My question is how do we define "elements".
Compare: http://nytimes.com/ with http://alistapart.com/
Both sites have little excess visual graphics -- both clean and ensure the article content is front-and-center.
Are elemnts the text, the boxes of text, the artistic visual frame, the logo, the footer; is it everything? What would make the two sites more minimalist? Two links, "Read articles" and "Everything other than reading articles"? Those two questions with no visual branding, no excess elements -- is that true minimalism? Both sites has very little excess with regard to visual elements present only for aesthetics. Wouldn't true minimalism be a logo mark on a page with links to the major sections of the site? Why diplay article heads and teasers? Why display the filter of article topics? Why display photos to compliment articles we havn't read yet? If we are thinking like minimalist!
If your answer is to find a balance -- then is that no longer true minimalism? Can a site like NYTimes.com ever be truly minimalist? Isn't thier excess of content and their inability to break that content down in fewer than three dozen sections defeat the purpose? While the content is better organized by breaking up 'World news' and 'US news' or 'Business news' and 'Arts and Entertainment', doesnt this now clutter that which is just 'news'. Wouldn't a truely minimalist news site only have 'news'? -- isnt that the simplist possible form?
I am not saying one way or anther -- just really curious how the web can even define minimalism -- seems almost impossible. Minimalism on the web is almost unproductive. This is true minimalism, but it does nothing.
I think the term "minimalist" in web design is normally applied to presentation and not content.
I agree with your point but have worked with some companies that make me disagree to an extent.

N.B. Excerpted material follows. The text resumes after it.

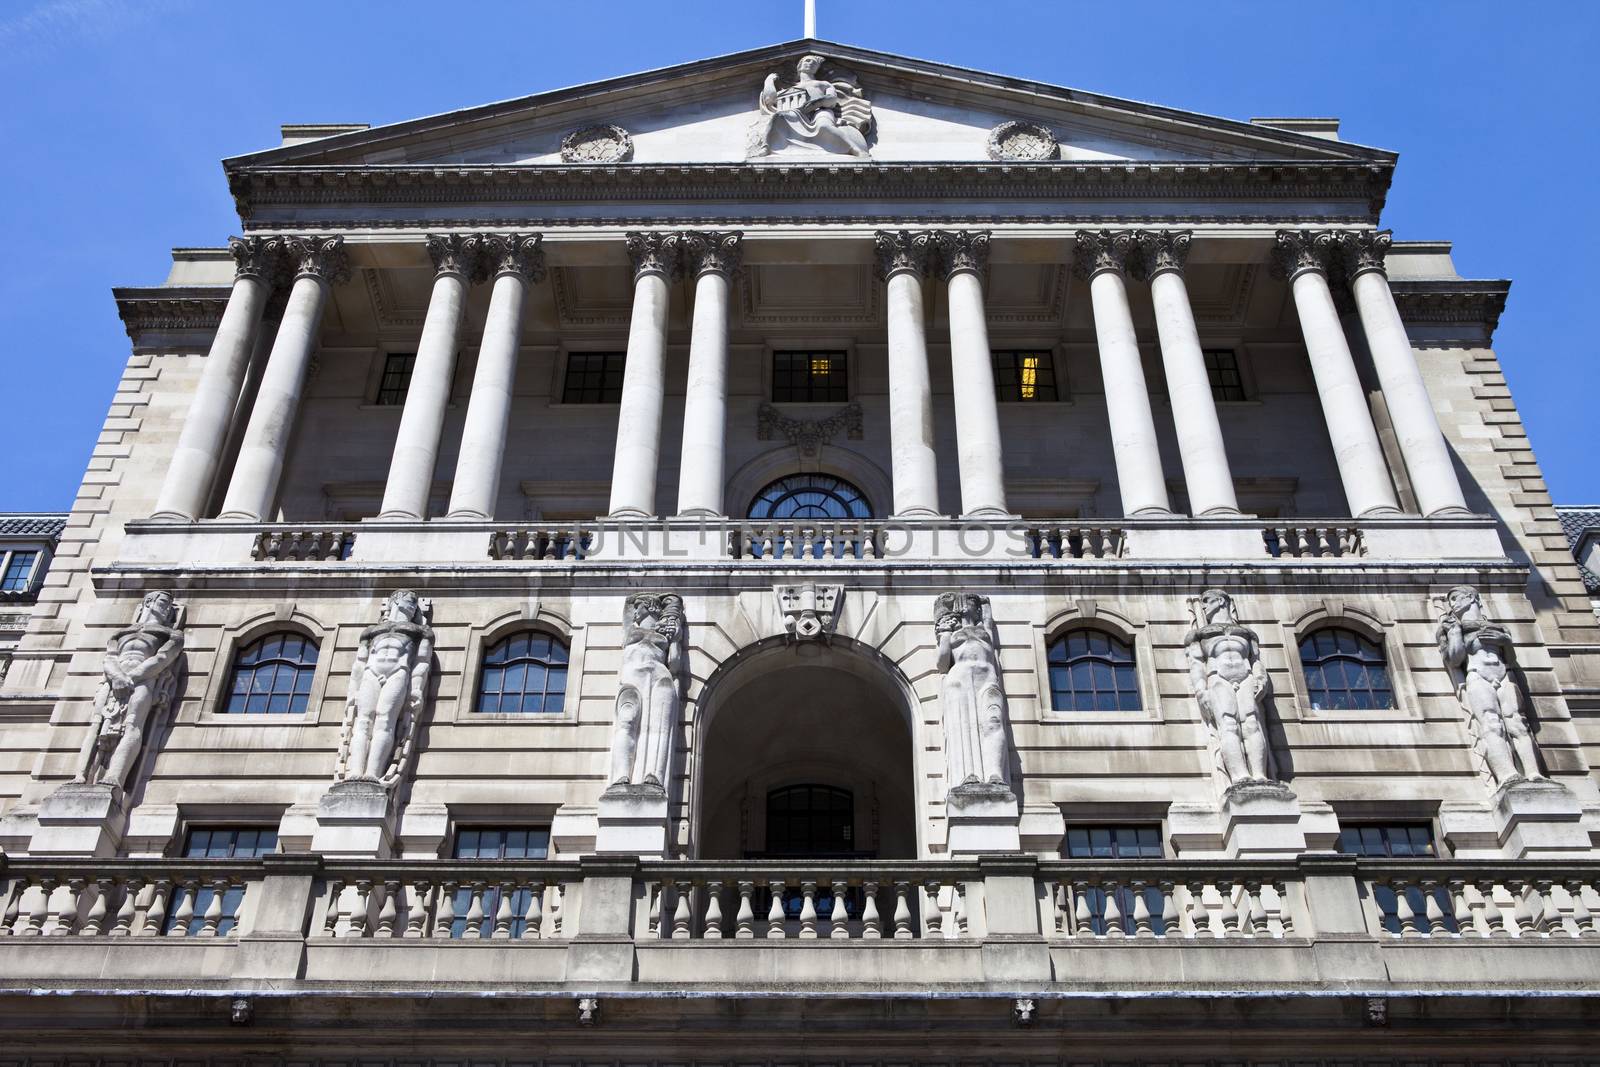 The impressive facade of the Bank of England located in the City of London.

This is a site that makes me cry as a designer, firehouse.com. It is minimalist with respect to presentation over content. However, it is the inability of the staff to organize their content in a meaningful and coherent manner that I believe makes this a poor case for minimalism. The site is so unorganized and cluttered that it is the content that adds to its unminimalist style.
A question to the group:
Does anyone have a checklist of sorts that a site could be run against to end the question of "is this or is this not minimalist"?
The only reason I ask is becuase "minimalism" seems like a rather dificult thing to pin-point with regard to web design.